Let your body sigh: exhale deeply, releasing tension from your body. A deep sigh (or several sighs) is the body’s natural way to reset the nervous system. You can practice responding to any moment of tension, even a frightening one, with a deliberate sigh to shift your physiology into a relieved and more relaxed state.

The pairing of tense and relaxed states, when the relaxed state is stronger, strengthens the “muscle” of your vagal brake and allows more calm, even in tense moments.


 

EXERCISE 2-11: Progressive Muscle Relaxation

Because you cannot activate the sympathetic and parasympathetic branches of your nervous system at the same time, your body cannot be simultaneously anxious and relaxed. Progressive muscle relaxation activates the parasympathetic branch and helps you relax your entire body, step by step. These instructions work from foot to head, but you can also practice the sequence from head to foot. The entire exercise takes about seven to ten minutes and can be done lying down or sitting.

       1.    Begin by curling the toes of your right foot, holding that tensed position for a count of seven.

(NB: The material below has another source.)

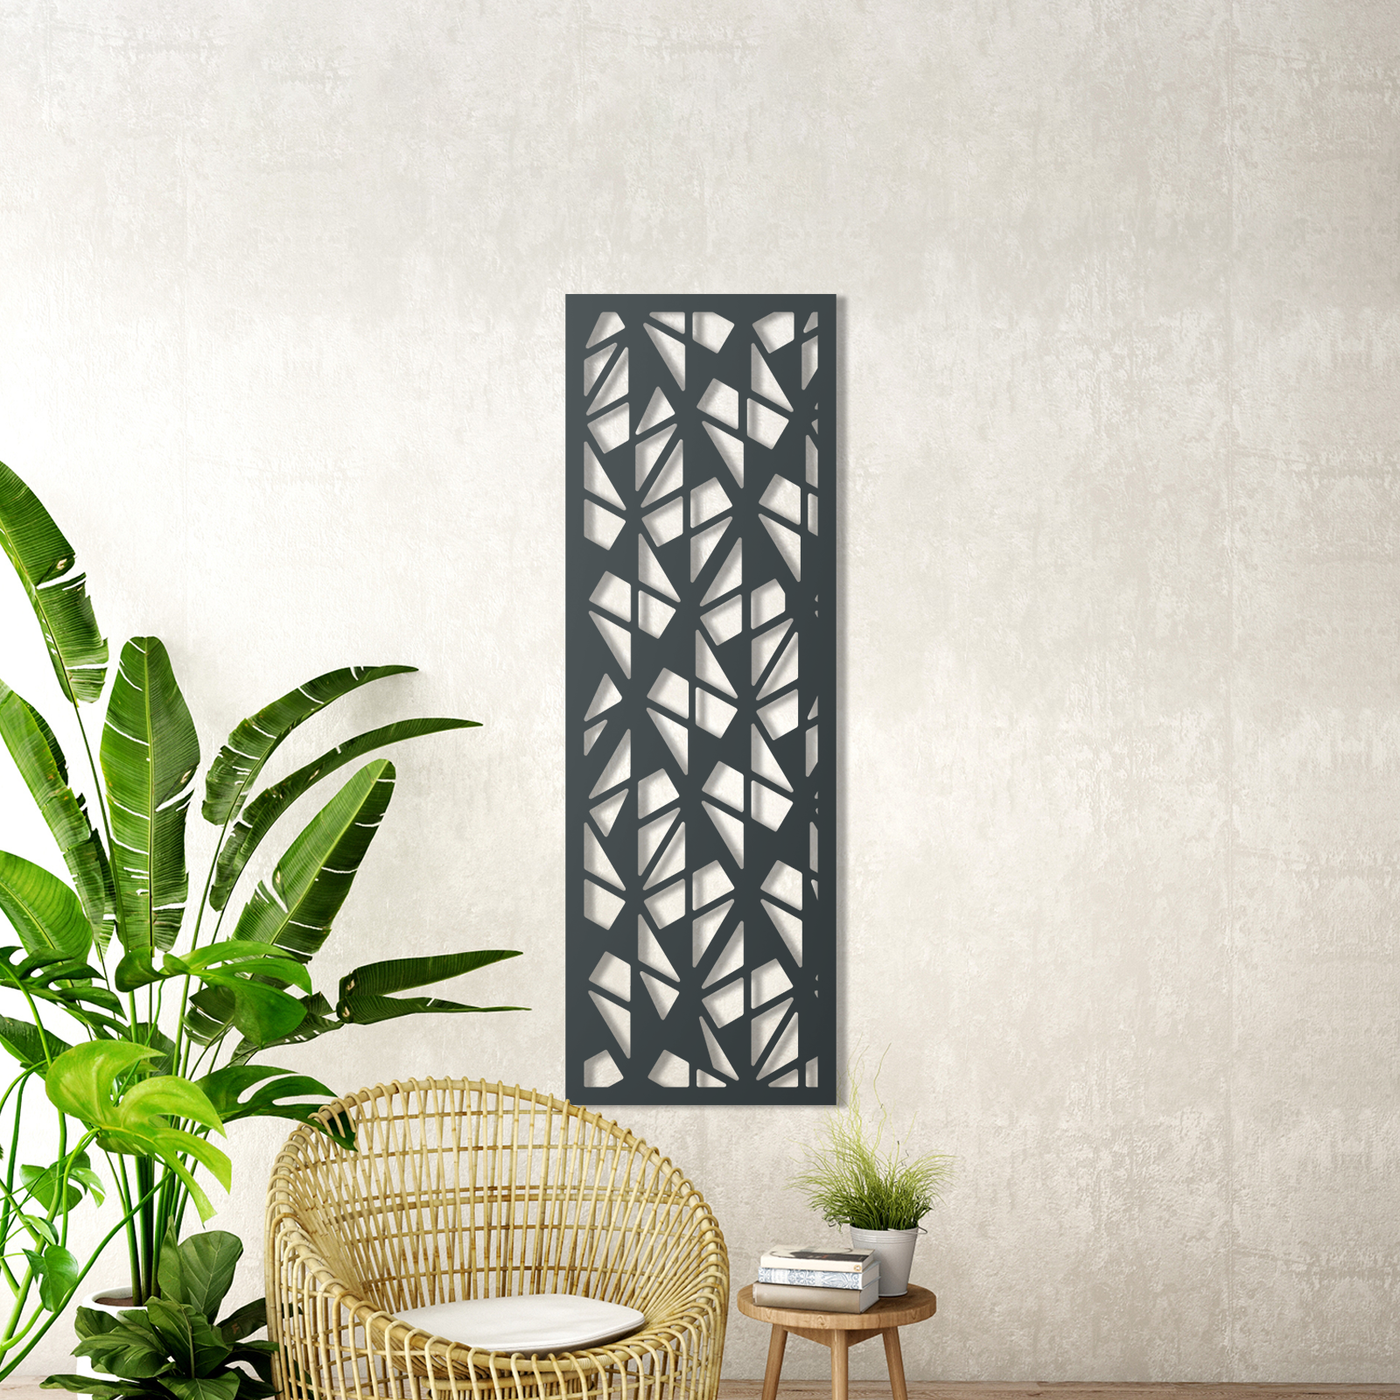 Hall of Mirrors Metal Screen: Perfect for Enhancing Your Outdoor Living Space

Then relax that tension and uncurl the toes as you count to fifteen. Then curl the arch of your right foot as though pointing your foot, holding that tensed position for a count of seven. Relax and let go of tensing the foot as you count to fifteen. Then flex your foot, raising the toes back toward your shin, holding that tensed position for a count of seven. Relax and untense the toes as you count to fifteen.

                   Counting to seven while tensing a part of your body and to fifteen while relaxing it ensures that you are relaxing more than tensing. That’s part of the reconditioning. The counting also keeps your brain from wandering into the worry and rumination tendencies of the default network. When you breathe in on the tensing and breathe out on the relaxing you are activating the parasympathetic branch more than the sympathetic, bringing your body to more calm.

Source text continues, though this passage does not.